Horastrea indica
- Conservation status: Least Concern (IUCN 3.1)

Scientific classification
- Kingdom: Animalia
- Phylum: Cnidaria
- Subphylum: Anthozoa
- Class: Hexacorallia
- Order: Scleractinia
- Family: Coscinaraeidae
- Genus: Horastrea Pichon, 1971
- Species: H. indica
- Binomial name: Horastrea indica Pichon, 1971

= Horastrea =

- Authority: Pichon, 1971
- Conservation status: LC
- Parent authority: Pichon, 1971

Genus of corals

Horastrea is a monotypic genus of stony coral in the family Coscinaraeidae. It is represented by the single species Horastrea indica, the blister coral. It is native to the southwestern Indian Ocean where it is found in shallow water sandy reefs. It was first described by M Pichon in 1971.

==Description==
H. indica forms massive solid colonies, usually hemispherical in shape. The individual corallites, the stony cups in which the polyps sit, are plocoid (surrounded by a wall) in smaller colonies, becoming meandroid (several corallites inside a valley) in larger ones. There are three cycles of septa (stony ridges) inside the calyx and these continue as well-developed costae between the corallites.
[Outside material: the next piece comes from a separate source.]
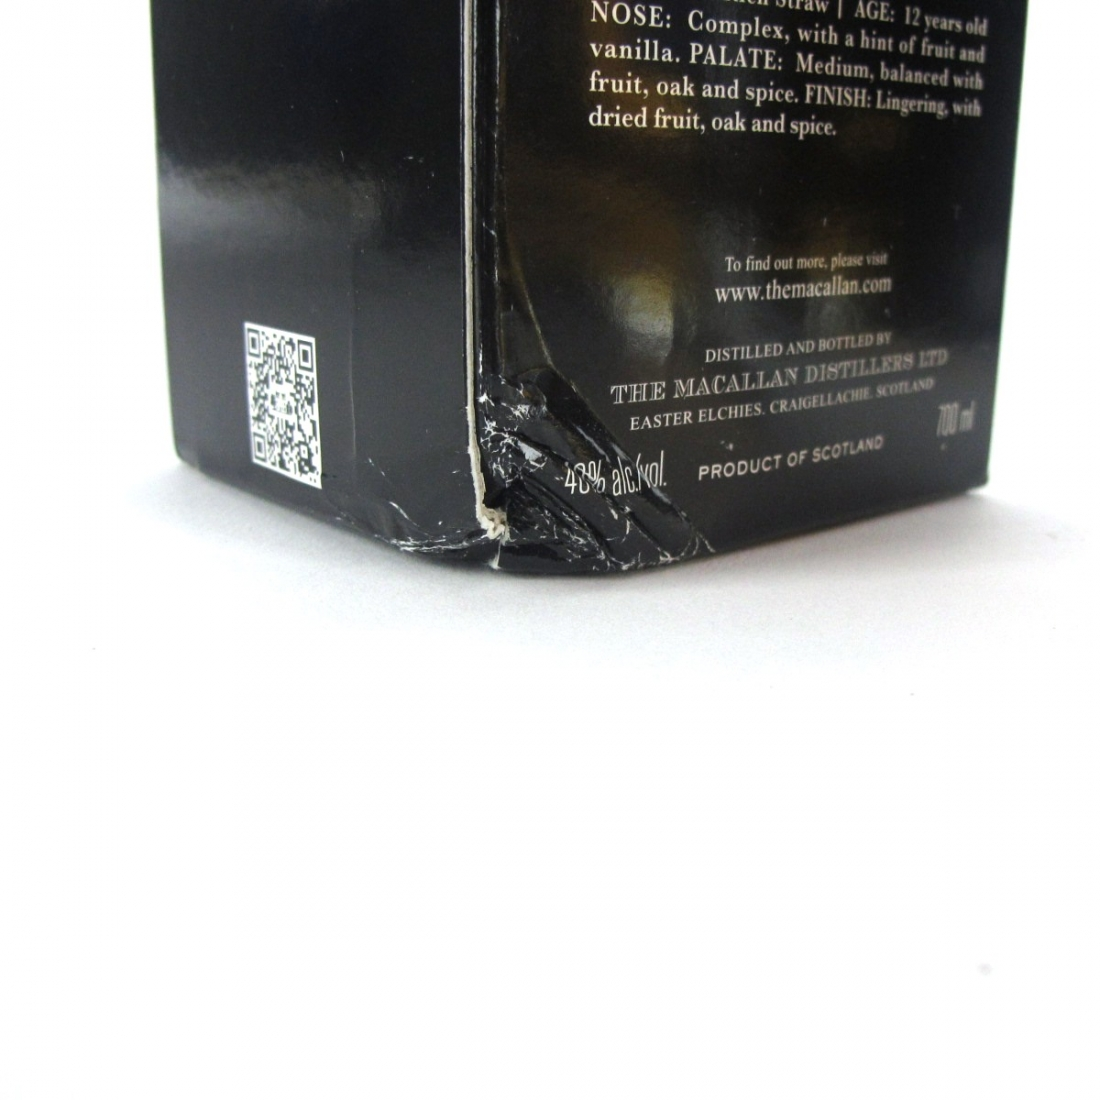 Macallan 12 Year Old Fine Oak - Nick Veasey Pillars Collection 6 x 70cl
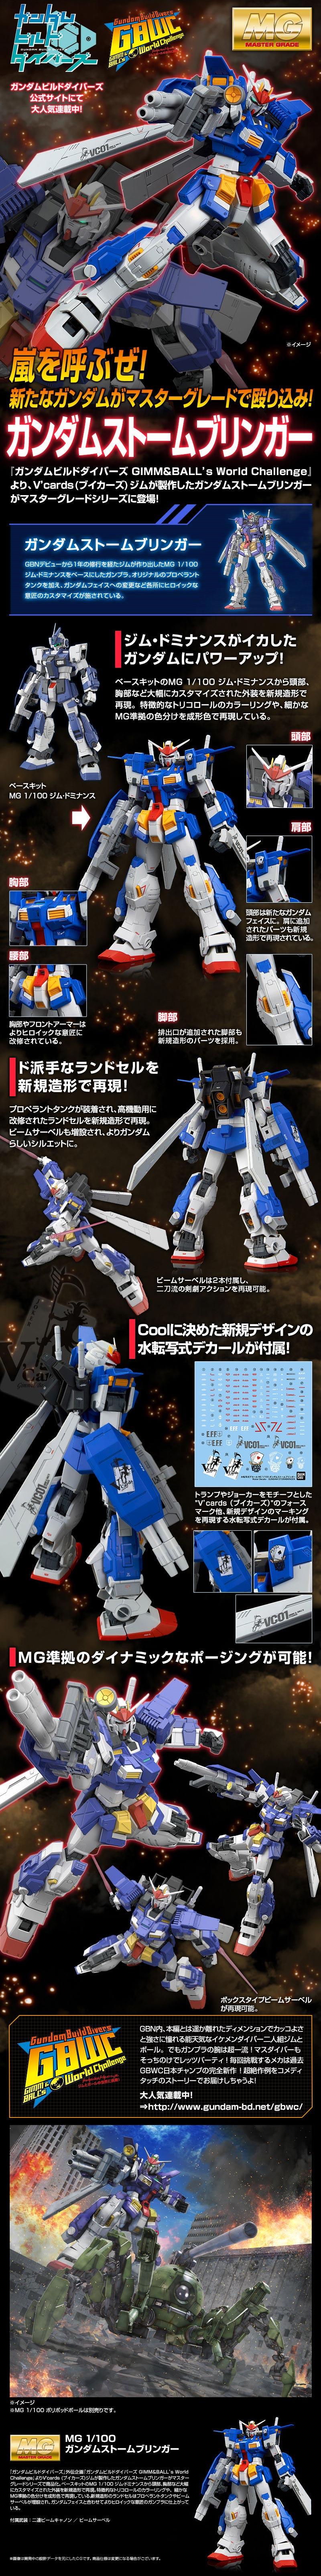 MG Gundam Stormbringer Details

This is a zooxanthellate species containing microscopic symbiotic algae in the tissues which supplement the nutritional needs of the colony. This gives it a generally pale brown appearance, with contrasting oral discs of bluish-grey.

==Distribution and habitat==
H. indica is found in the southwestern Indian Ocean, its range extending from Somalia, Kenya, Tanzania and Mozambique to Madagascar, the Comoros, Mayotte, Mauritius, Réunion and the Seychelles. It inhabits sandy reefs at depths of less than 20 m.

==Status==
H. indica is an uncommon species of coral that was first described in 1971. Like other corals in the southwestern Indian Ocean, it faces threats from global warming, rising sea temperatures and the increasing occurrence of severe weather conditions. Bleaching events occur with rising sea temperatures and the corals become more prone to coral diseases. Ocean acidification affects corals as does increased siltation from human developments and mechanical damage to reefs from fishing activities. Previously assessed as a vulnerable species due to its restricted range and rarity, the International Union for Conservation of Nature reassessed its conservation status as least concern in 2024 based on updated population modelling.